The last twenty years in statistical research have introduced and refined new methods, most of which are essential for understanding causality but completely irrelevant for prediction, and therefore are not at all part of the machine learning toolkit. The distinction between the two fields is important to keep in mind because critiquing statistical papers without knowing what, say, a regression discontinuity design is can lead to broad attacks that do not do justice to the work that has gone into a research paper.

A recent manuscript from Jennifer Doleac and Anita Mukherjee makes the argument that easy access to Naloxone, a drug that can reverse opiod overdoses and save lives, has the unintended consequence of increasing opiod-related crime and ER visits without doing much to reduce opiod-related mortality. The authors suggest two avenues by which this may occur: 1) saving lives increases the number of opiod abusers who would otherwise have died, and 2) increasing risk-taking behavior by reducing its most severe consequences. They employ a fixed effects difference-in-differences design to isolate the causal effect of Naloxone policy, and their findings, at least for some regions in the United States, support their theory of selection effects and/or moral hazard.

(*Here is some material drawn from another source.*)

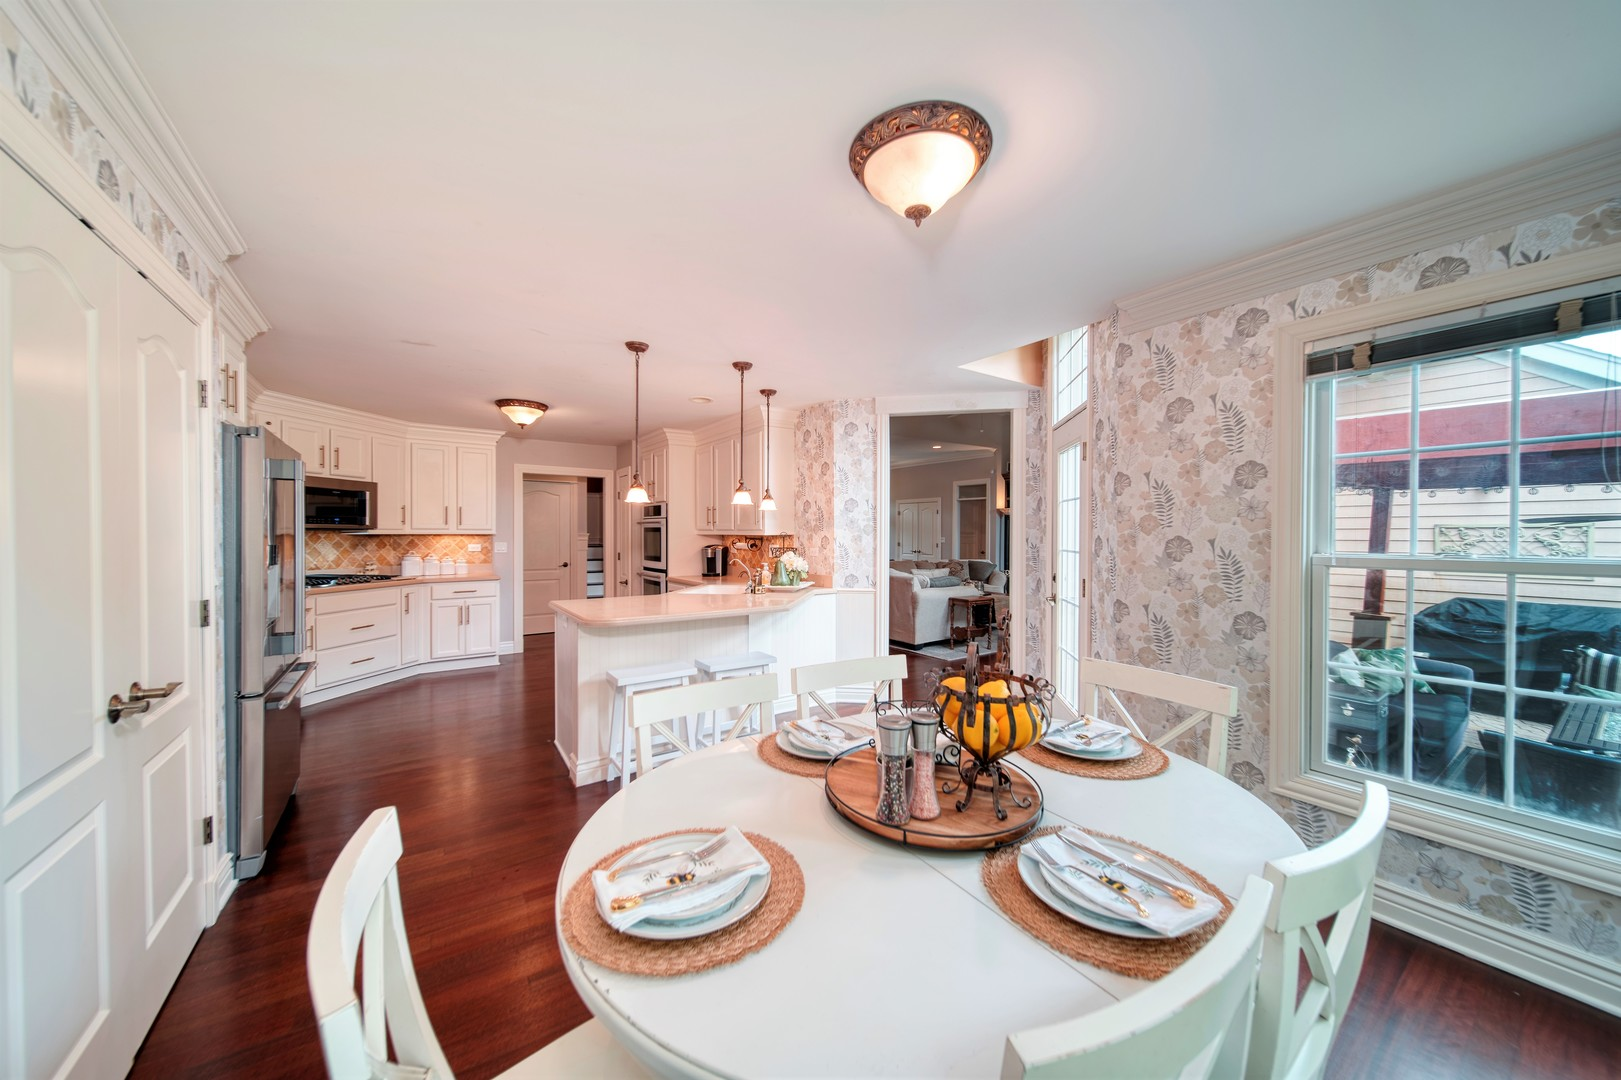 9715 Stonecastle Lane, Lakewood, Illinois 60014, 4 Bedrooms Bedrooms, ,3 BathroomsBathrooms,Residential,For Sale,Stonecastle,MRD11119238

The article has generated a lot of discussion online, often vituperative and on the basis of a poor understanding of the econometric techniques the authors employ. There are certainly reasons to be skeptical of the findings, but those concerns need to be raised within the context of the causal inference. No single research paper should be taken as the final statement in a controversy. Issues related to measurement error, selection bias, data sources, and confounders will lead to different results in distinct research projects, and conclusions should be drawn through the triangulation of findings from distinct studies. Peer review is meant to identify flaws in individual projects so that subsequent research can be improved. Peer review is useless, however, when criticisms are based on knee-jerk reactions and/or a desire to be contrarian for its own sake.

This blog post does not seek to say that the authors are correct or incorrect but rather to explain what the statistics being used were meant to do. Once the methodology is understood, one is better positioned to critique any shortcomings in the manner that thoughtful research deserves.

## Causal Inference

21st century statistics has evolved far beyond the era when it was assumed that a regression model with a bunch of controls could provide reliable hypothesis tests (admittedly, not all journals and researchers have yet gotten this message). Instead, the literature that has come to be lumped together under the descriptor “causal inference” carefully outlines the mathematical underpinnings and assumptions required to state that an intervention is actually causing an outcome to change.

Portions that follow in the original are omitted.